12:55 pm today

Watch: Greens co-leaders deliver State of the Planet update

12:55 pm today

The Green Party will deliver a Green Budget this year to offer an alternative to what it calls the government's "trickle-down economics and austerity politics."

Green co-leaders Marama Davidson and Chlöe Swarbrick made the announcement as they delivered their State of the Planet speeches in Auckland.

Swarbrick said the party was sick of the government pandering to privatisation.

"Trickle-down politicians and their donors have spent at least 40 years coming after our public services, our media and our democracy, but it's clear now more than ever that their real target has been our hope."

She said the right-wing had "painted targets", after decades of "privatising and underfunding" public services and "creating the conditions of poverty and extreme vulnerability and isolation and mental ill health".

"After creating this exhaustion and anger and despair, the right wing knows those feelings have to go somewhere."

She said the chosen targets were "indigenous peoples," "rainbow communities" and "migrants."

"Let me be crystal clear: if you're struggling to get by, your beef isn't with someone else struggling to get by. Your beef is with the system that forces almost everyone you know into a life of struggle, and, more precisely, your beef is with those who profit from it."

Swarbrick said New Zealand was considered one of the wealthiest countries in the world on a per person basis, and asked, "so why can't regular people afford to go to the dentist?"

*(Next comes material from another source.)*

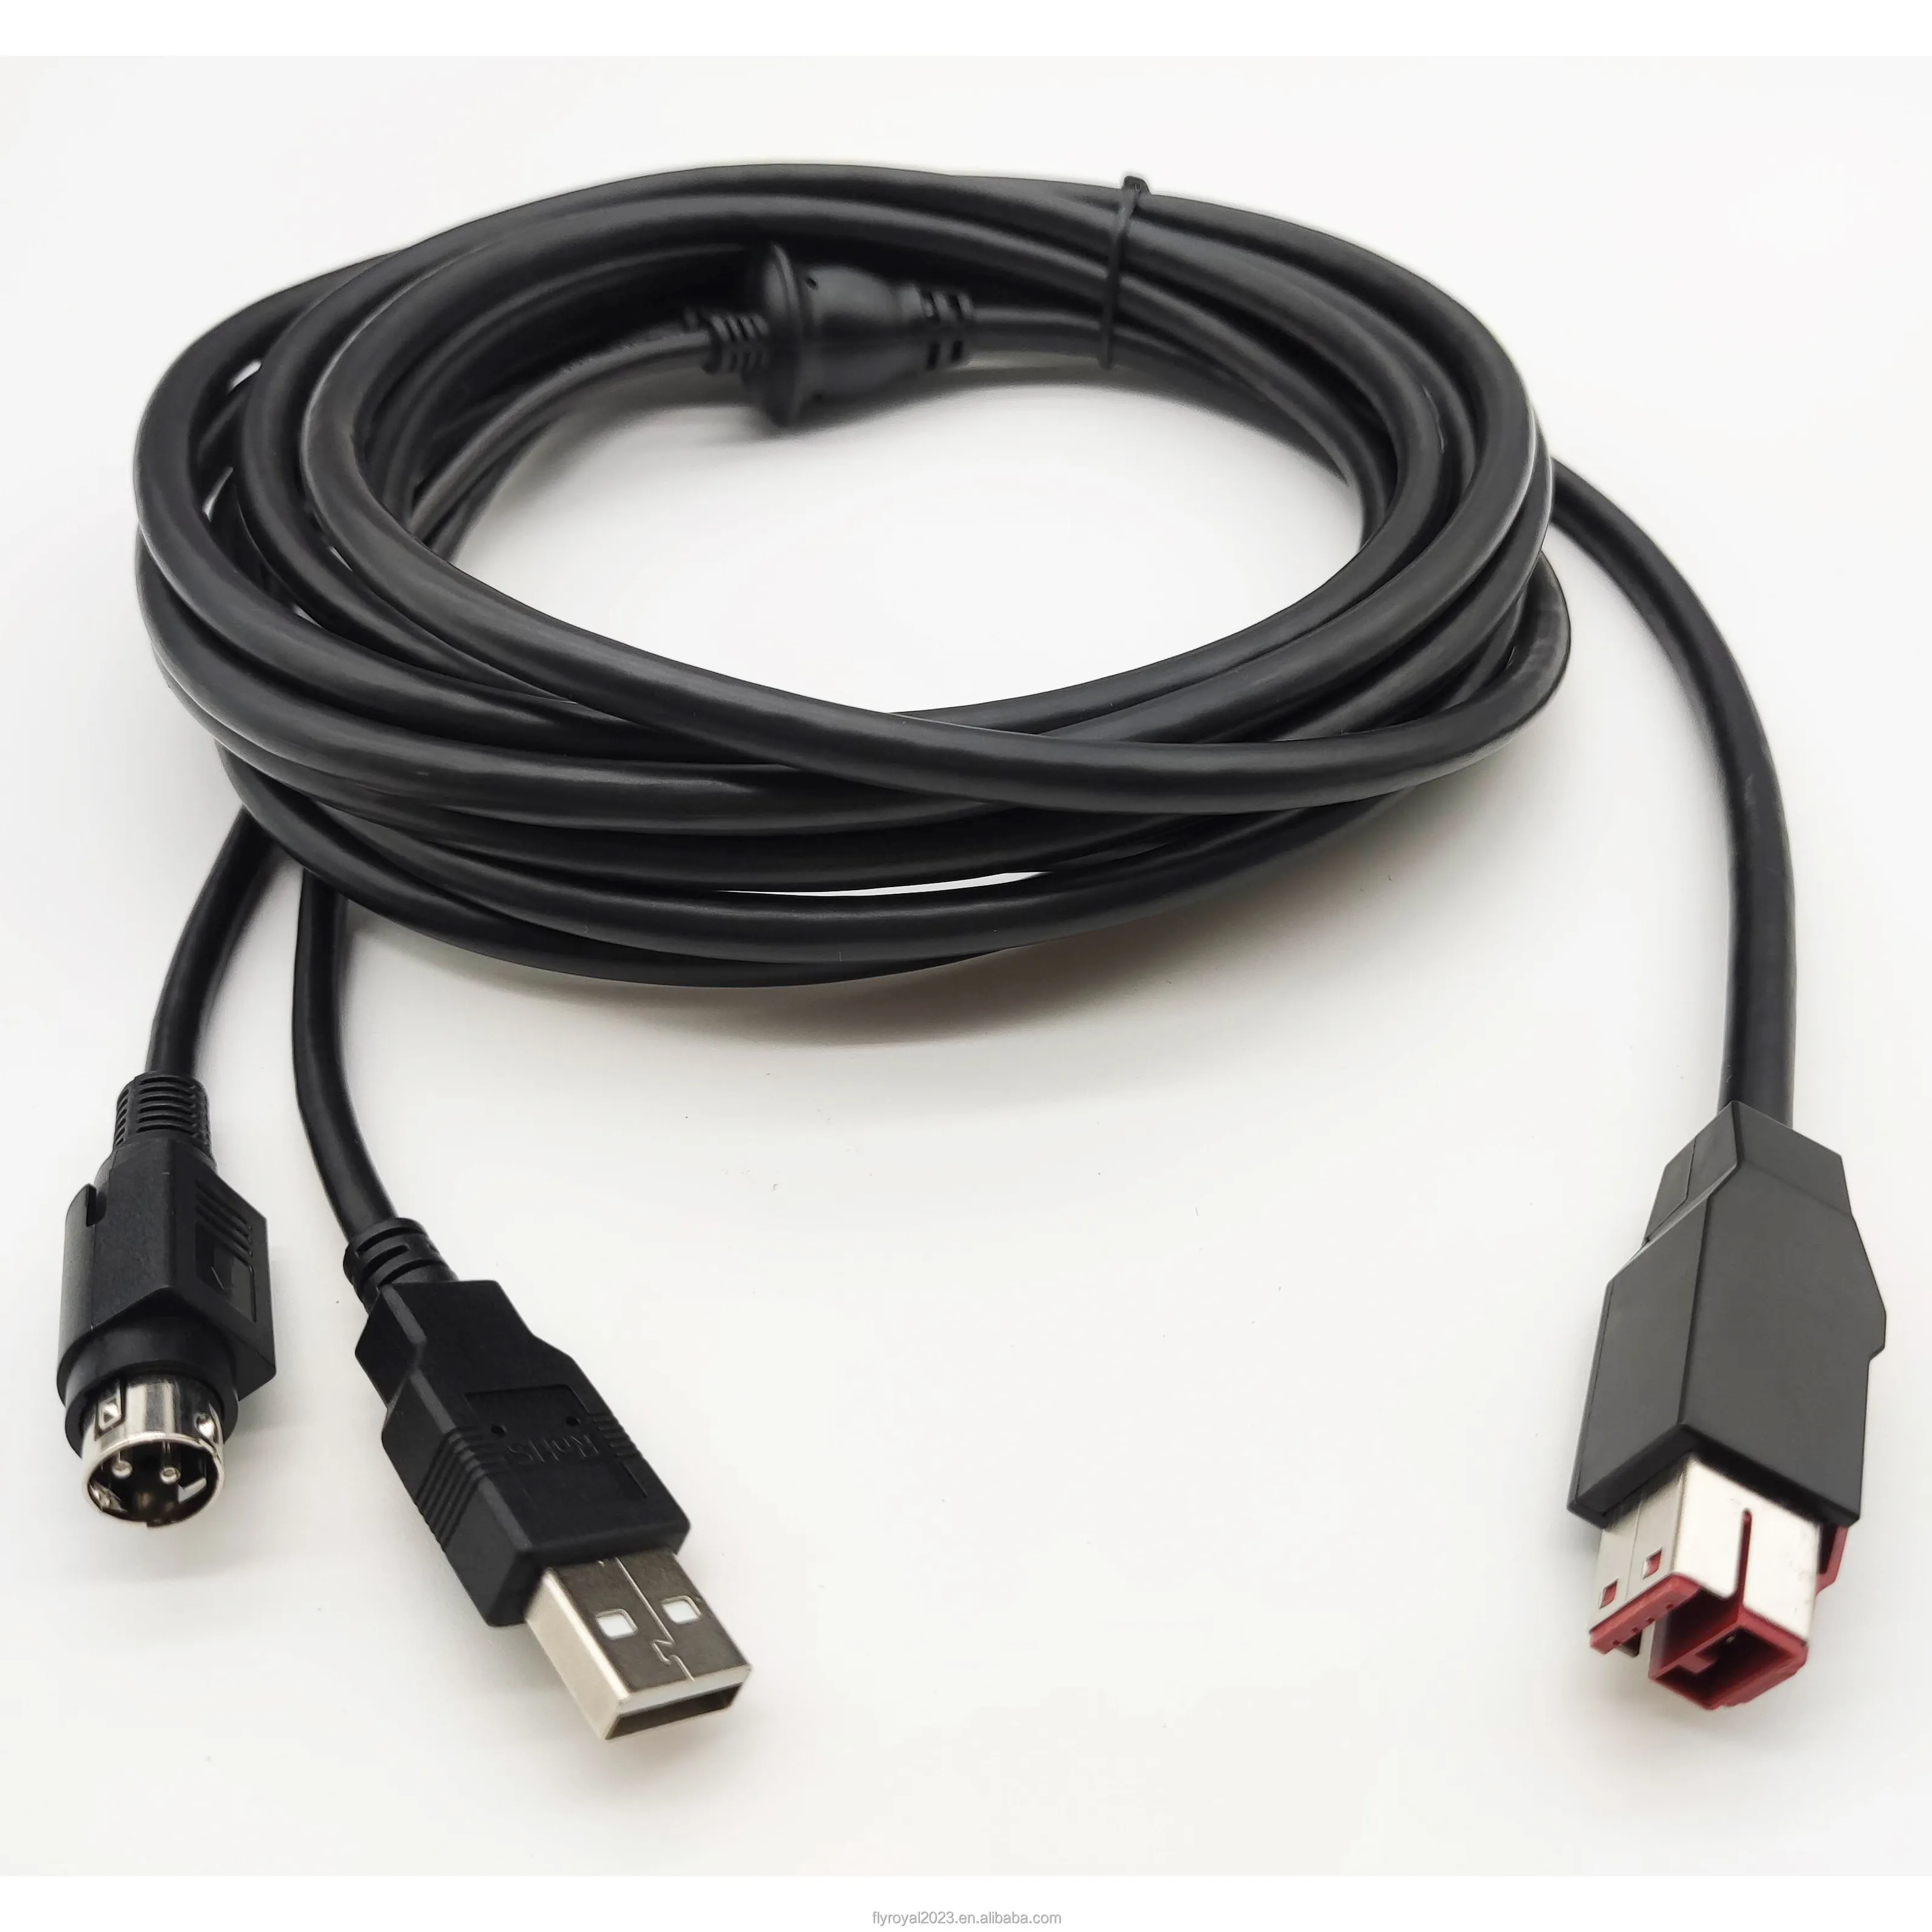 Cable de alimentación de 24V a Hosiden y USB-B, cable poweredUSB

"It's not because of the gays, or the migrants, or tangata whenua. It's because that wealth isn't fairly shared."

Swarbrick said the Green Budget would not be a "defence of the status quo," but would show it was possible to ensure everyone was housed, has access to healthcare and education, and everyone got the "genuine opportunity for a good life."

Chloe Swarbrick speaks at the Green Party's State of the Planet korero.

Chlöe Swarbrick delivers the 'State of the Planet' speech. Photo: RNZ/Marika Khabazi

Davidson spoke next, recalling she had been diagnosed with breast cancer just days before the party's State of the Planet speeches last year.

She spoke about the time she spent with her mokopuna (grandchildren) as one of the most "profound experiences of healing," and the concern she feels for their future.

"They deserve to inherit a thriving planet, not a destroyed one."

Davidson said manaakitanga - or caring for each other - will be the core value that underpins the Green Budget.

"Care and justice for all people is what binds us together and helps us build a future where all of us thrive.

"This is what our politics should reflect. A politics of care."

She said "collective care is not part of this government's plan".

"They are showing us each day they stand for the few and not for the many. They are completely out of touch with the community."

She said that's seen in the decisions to "gut" school lunches, housing, benefits and the health system.

"The dominating economic system means that wealth and power are not shared equally. These inequities further divide communities when instead we need to come together."

She referenced Moana Jackson saying Te Tiriti o Waitangi was about the "rightness that comes from people accepting their obligations to each other".

"This is a profound vision on which to build a country."